** Opening Available data block **

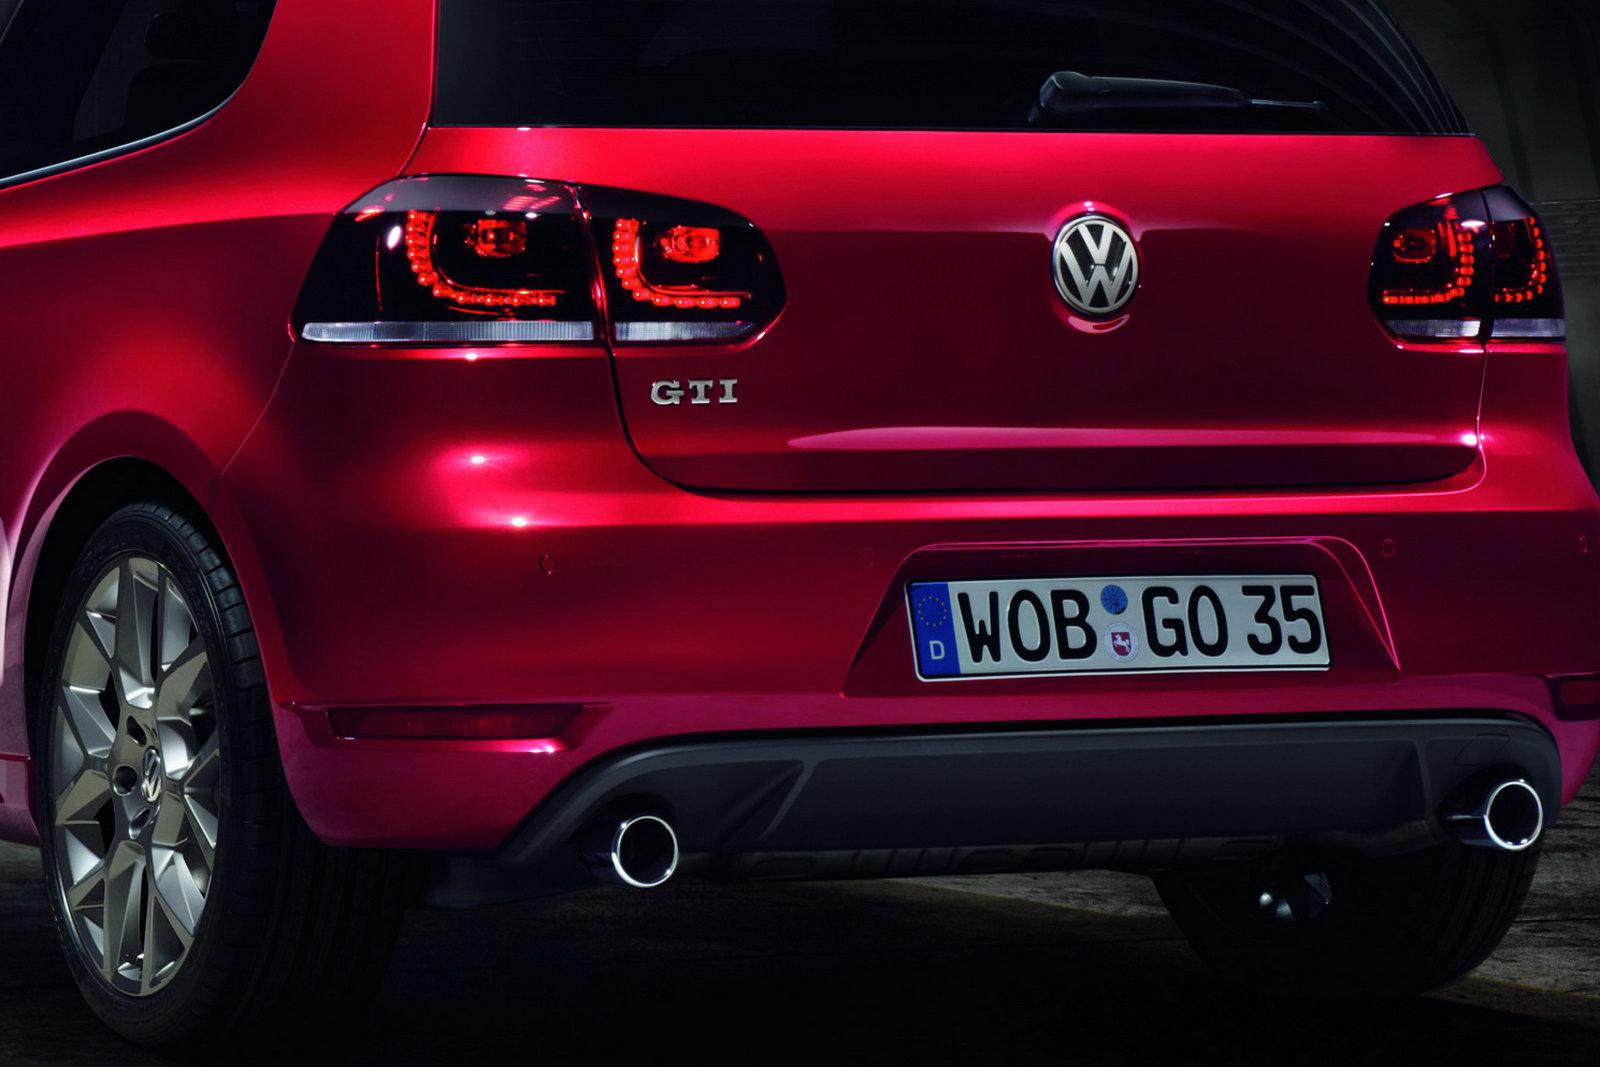 VW Golf GTI Edition 35 image #8
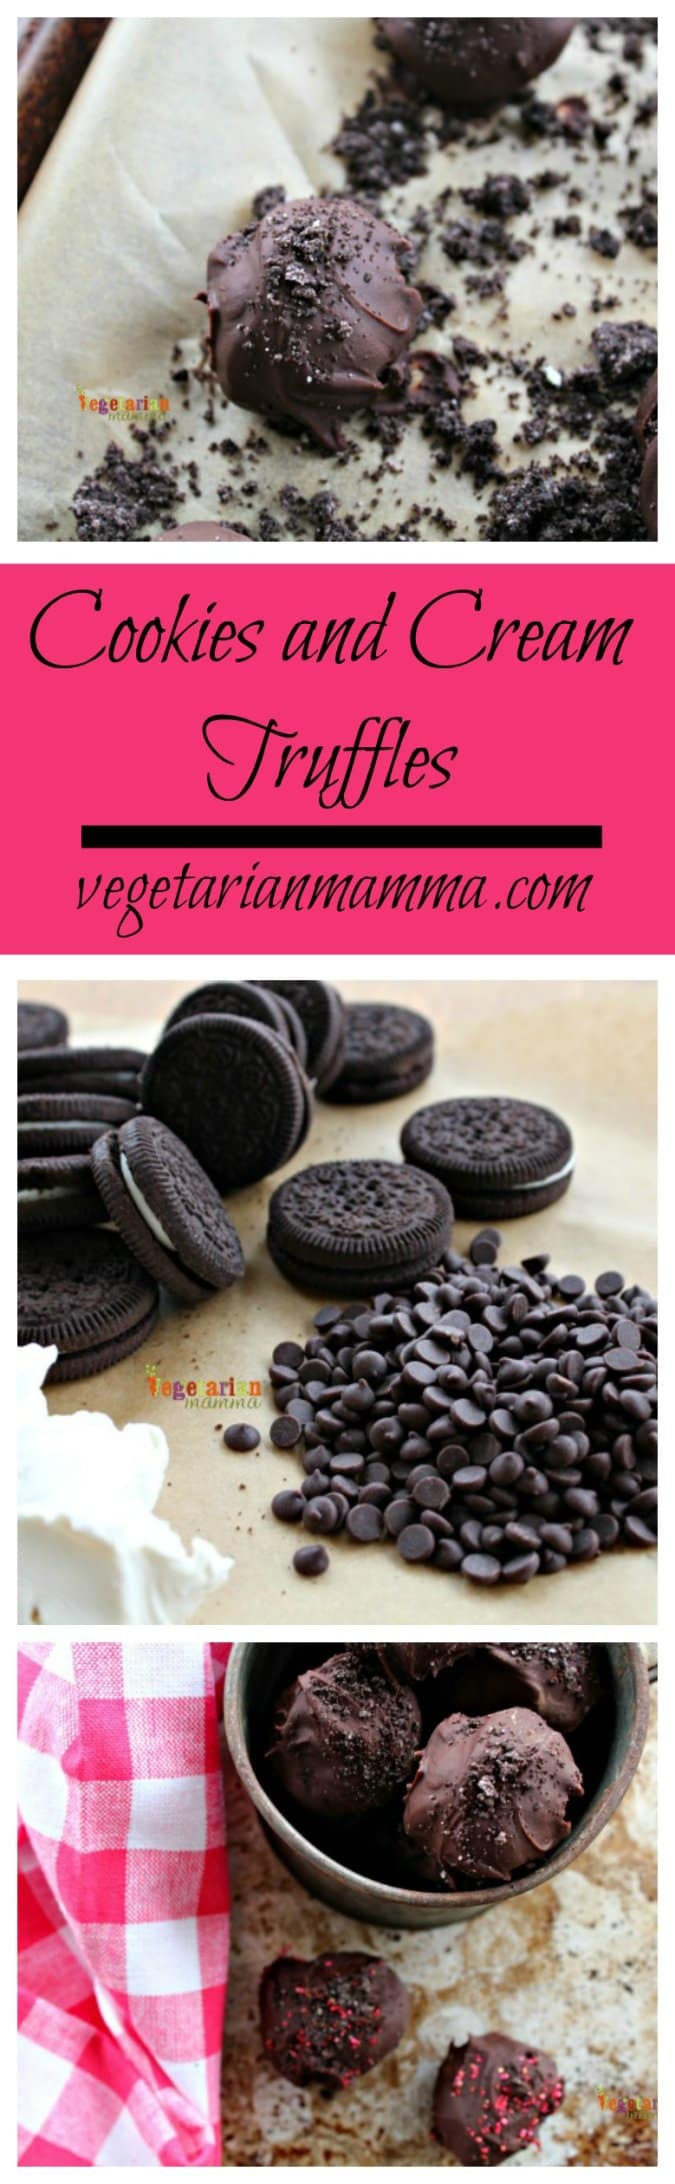 Cookies and Cream Truffles @vegetarianmamma.com #truffle #dairyfree #glutenfree #nutfree #chocolate #dessert #valentines
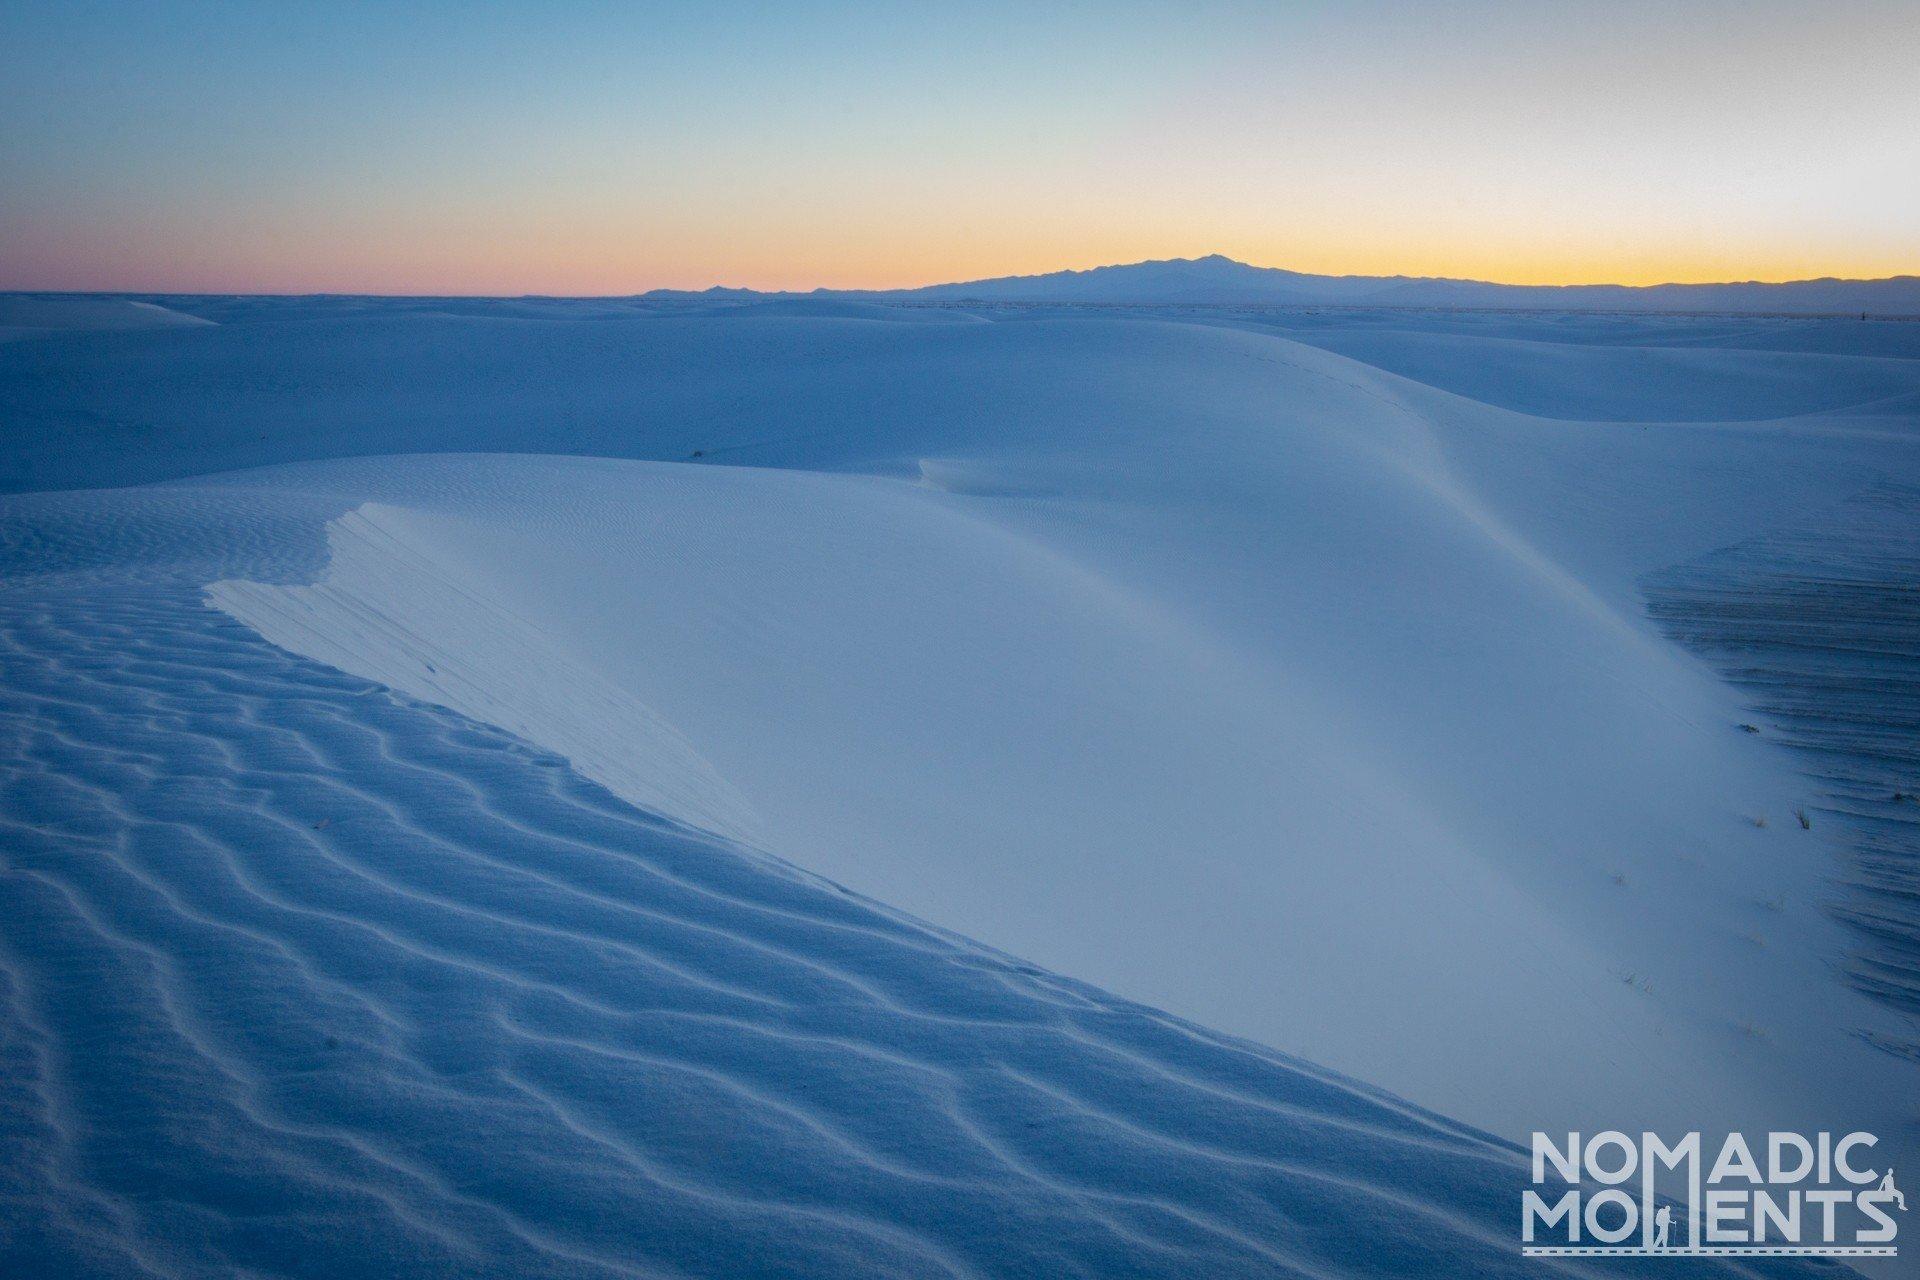 Memorable Nomadic Moments - White Sands National Park Sunrise

** Closing Available data block **

Print the listing again exactly, please. Keep the pictures out of it.

:: Output ::
 VW Golf GTI Edition 35 image #8
 Cookies and Cream Truffles @vegetarianmamma.com #truffle #dairyfree #glutenfree #nutfree #chocolate #dessert #valentines
 Memorable Nomadic Moments - White Sands National Park Sunrise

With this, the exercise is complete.